Wichtig dabei: Der Apotheker muss dem Kunden verdeutlichen, dass es ihm nicht darum geht, sich auf Kosten des Wettbewerbers zu profilieren: "Es ist aber durchaus möglich, dass ich Ihnen mit diesen Halsschmerztabletten zwar keine bessere, aber doch eine zusätzliche oder ergänzende Lösung bieten kann. Denn sie sind wirklich nicht scharf."

Nun soll der Kunde entscheiden, ob der Apotheker tatsächlich einen Bereich angesprochen hat, in dem er sich eine Verbesserung vorstellen kann.

Phase 4: Möglichkeit der Verbesserung konkretisieren

Jetzt ist die Fähigkeit des Apothekers gefragt, die Vorteile und den Nutzen des von ihm bevorzugten Produkts konkret aufzuzeigen.
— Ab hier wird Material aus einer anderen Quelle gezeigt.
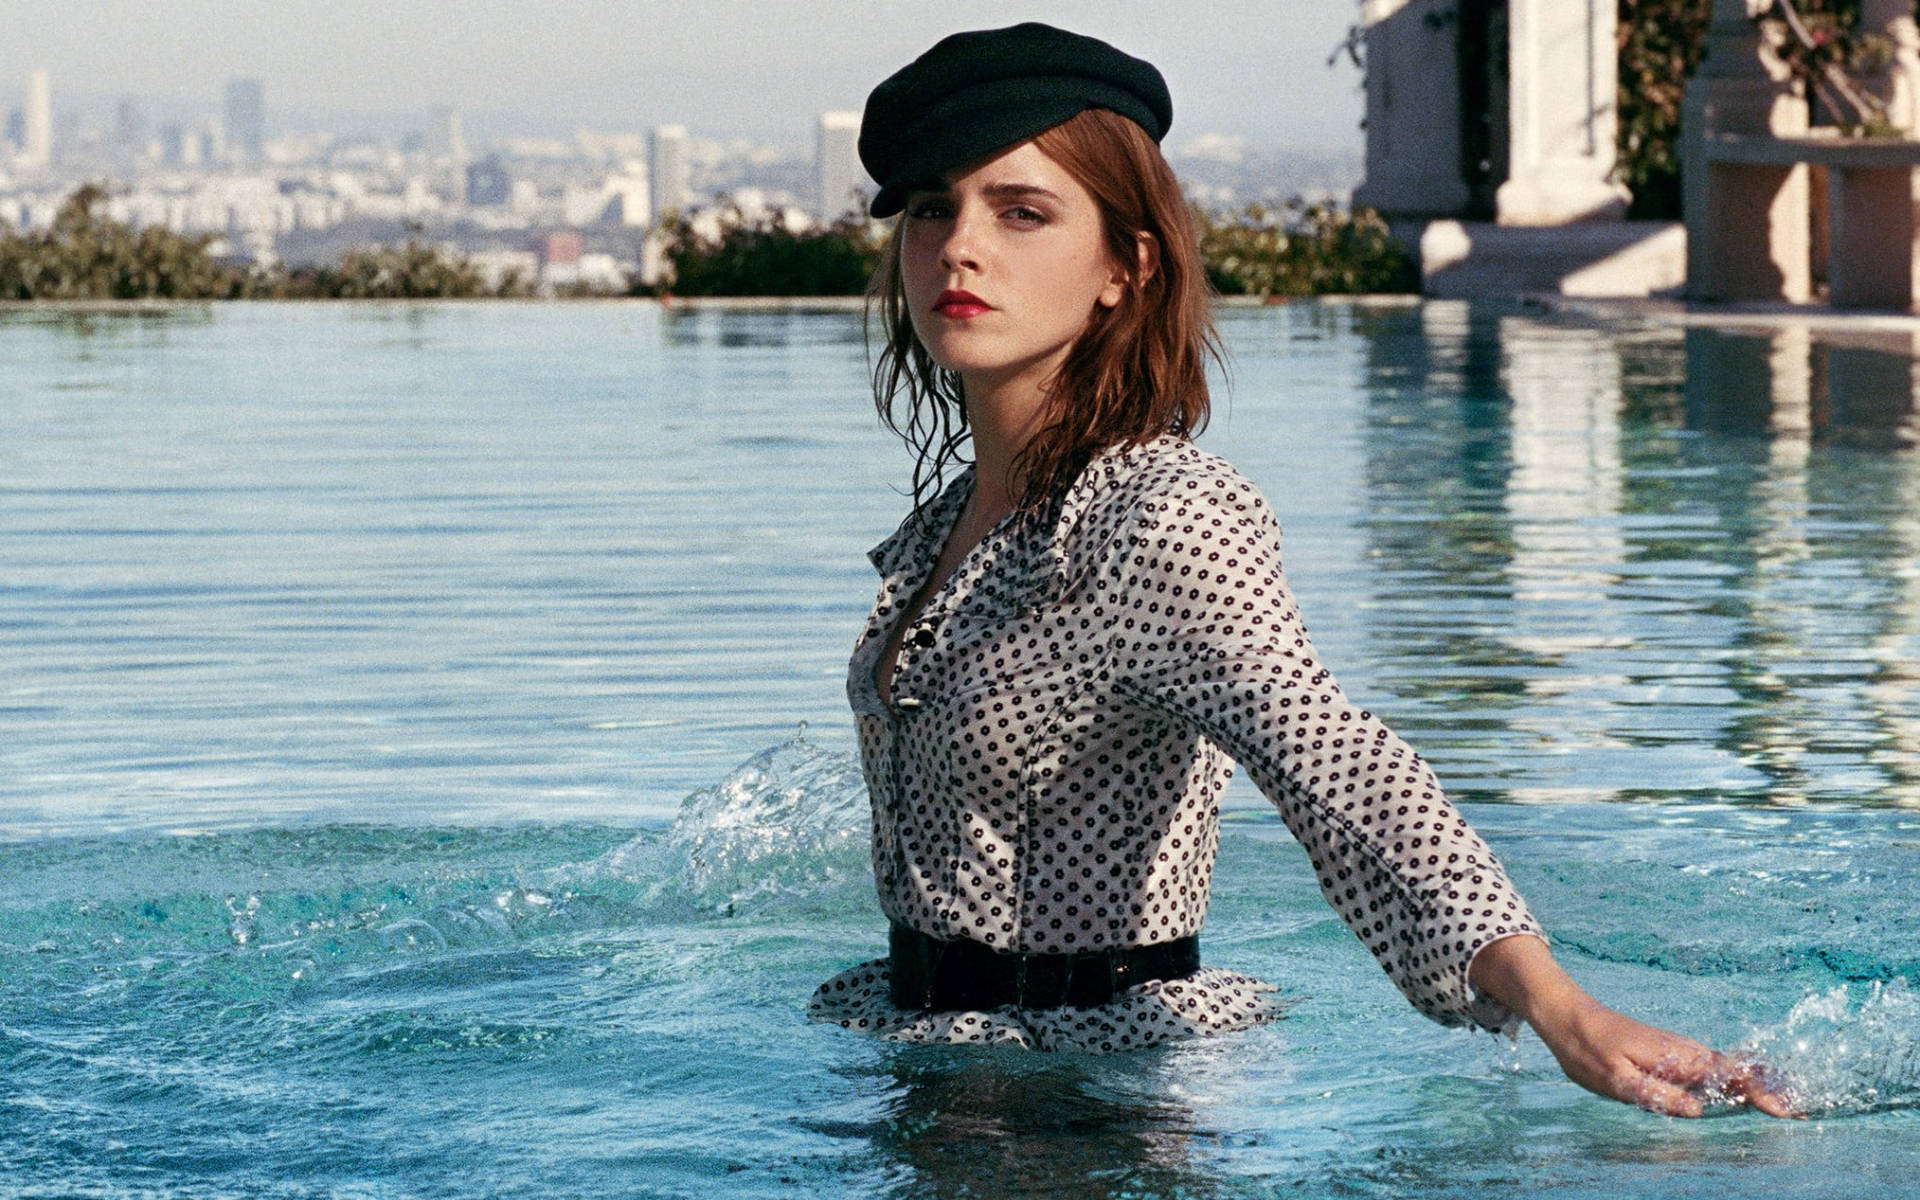 Emma Watson Swimming Pool Photoshoot Wallpaper

Und hier befindet sich der Apotheker auf dem Weg zu einem "normalen" Kundengespräch.

In der Praxis kommt es vor, dass im Laufe des Gesprächs das Interessependel des Kunden doch wieder in Richtung Gleichgültigkeit ausschlägt. Der Apotheker sollte in jeder Phase des Dialogs bedenken, wo er "herkommt": nämlich von einem fast gescheiterten Gespräch mit einem desinteressierten Kunden, der nahe davor stand, die Apotheke zu verlassen.

Fazit: Der Umgang mit gleichgültigen Kunden erfordert ein sensibles Vorgehen mit Fingerspitzengefühl. Je mehr der Apotheker über die Situation des Kunden herausbekommt, umso besser kann er erfolgreich auf das gleichgültige Verhalten reagieren.